I think we all come to the table with a bias towards our own needs, however three things stand out for me in your post:
1. market value for a theoretical mathematician compared to what he could get in industry is a ridiculous comparison. There are a lot of lifestyle benefits to teaching/ doing research than being a corporate drone. Those benefits are part of an academic’s pay. (To put it another way: adjunct positions will disappear when it becomes difficult to attract quality candidates who will accept them. For all the complaints I hear, the one search I helped with had a plethora of candidates for a shockingly pathetic adjunct job. This should start at the PhD level – UIC is willing to have grad programs because the grad students are cheap labor, and it makes the professors happy to have someone to train, but it produces a glut of PhDs.) Similarly, universities in less desirable locations (i.e. not Chicago) will necessarily have to pay more. Location is part of your pay.
2. 5-10% paycuts along with layoffs that mean you’re doing more work for less pay – pretty standard in some of the “industry” jobs that you might be comparing to. i.e. everyone’s market value is dropping.
3. As far as I’m concerned, the mission of state universities is to teach the majority of undergrads. If we can attract high-quality teachers by giving them flexible hours and research labs and journal subscriptions, it’s worth some extra cost. If good teachers can get research grants that offset their salary, it’s reasonable (within limits) to cut back their teaching accordingly. I don’t think state-funded universities have a need to be excellent schools that attract top students. Yes it’s helpful to find ways to keep high quality students, and yes it’s helpful to attract high-quality students from out of state, but in our mobile society retaining those top students is unpredictable. Training the students who can’t relocate and are likely to stay in the area is the priority. Research into ergodic theory? As a state goal? If the state had a goal I’d argue it should be to discourage talented math/ science folks from hunkering in the ivory tower.
In my experience, moreover, the “top researchers” are horrific teachers.

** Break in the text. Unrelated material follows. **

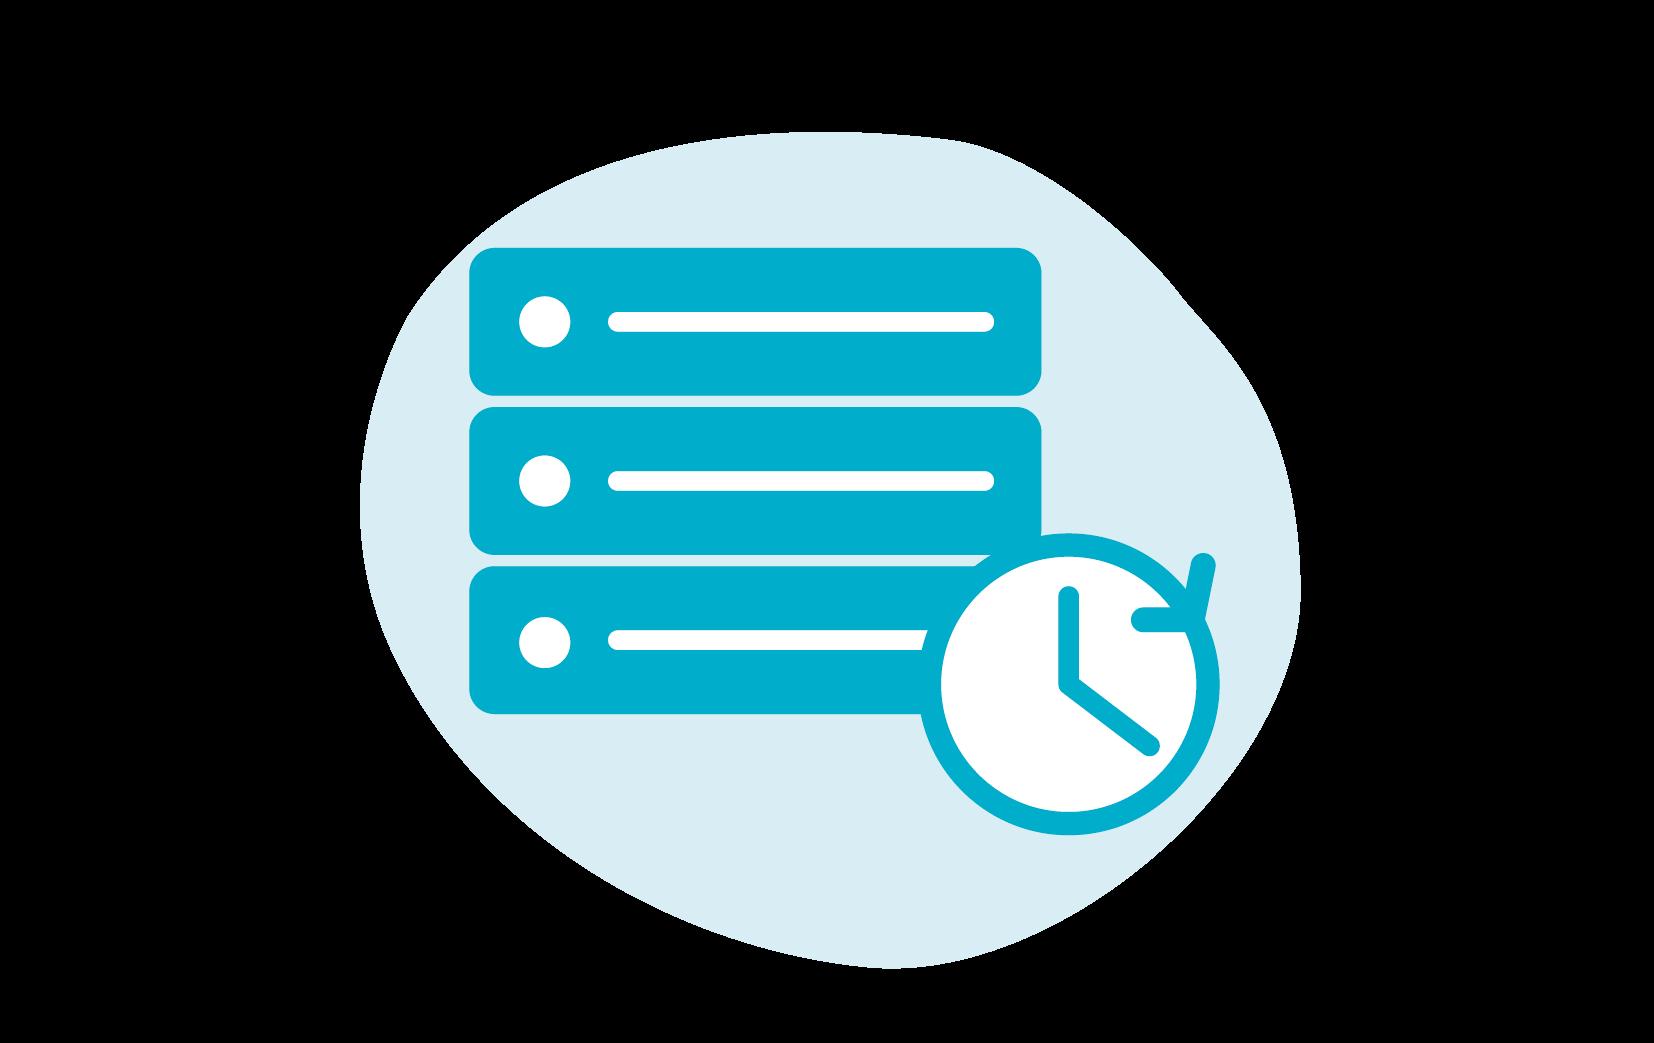 Icoon van een server met een klokje

I’d say that your “obvious” theory that doing more writing makes you a better teacher is a stretch, but in the sciences, it’s flat-out ridiculous. The way to become a better teacher is to teach. Good research is about being a specialist, an arrogant jerk obsessed with his tiny square inch of the universe and creating Mini Me’s to be obsessed with it too. It’s about putting on blinders to all the other interesting math, science, knowledge out there. Teaching is the job of a generalist, and good science teachers need to develop communication skills quite distinct from research. It should be about helping a student find their voice, teaching them the breadth of skills in your discipline’s toolbox. Think about sports: we don’t expect great coaching to be correlated to being an Olympic athlete.
taxpayer, I would like to see your stats proving a negative correlation between research excellence and teaching excellence. Until I do, I am very skeptical, and I would predict, as did Mary Anne, that the correlation is positive, not negative.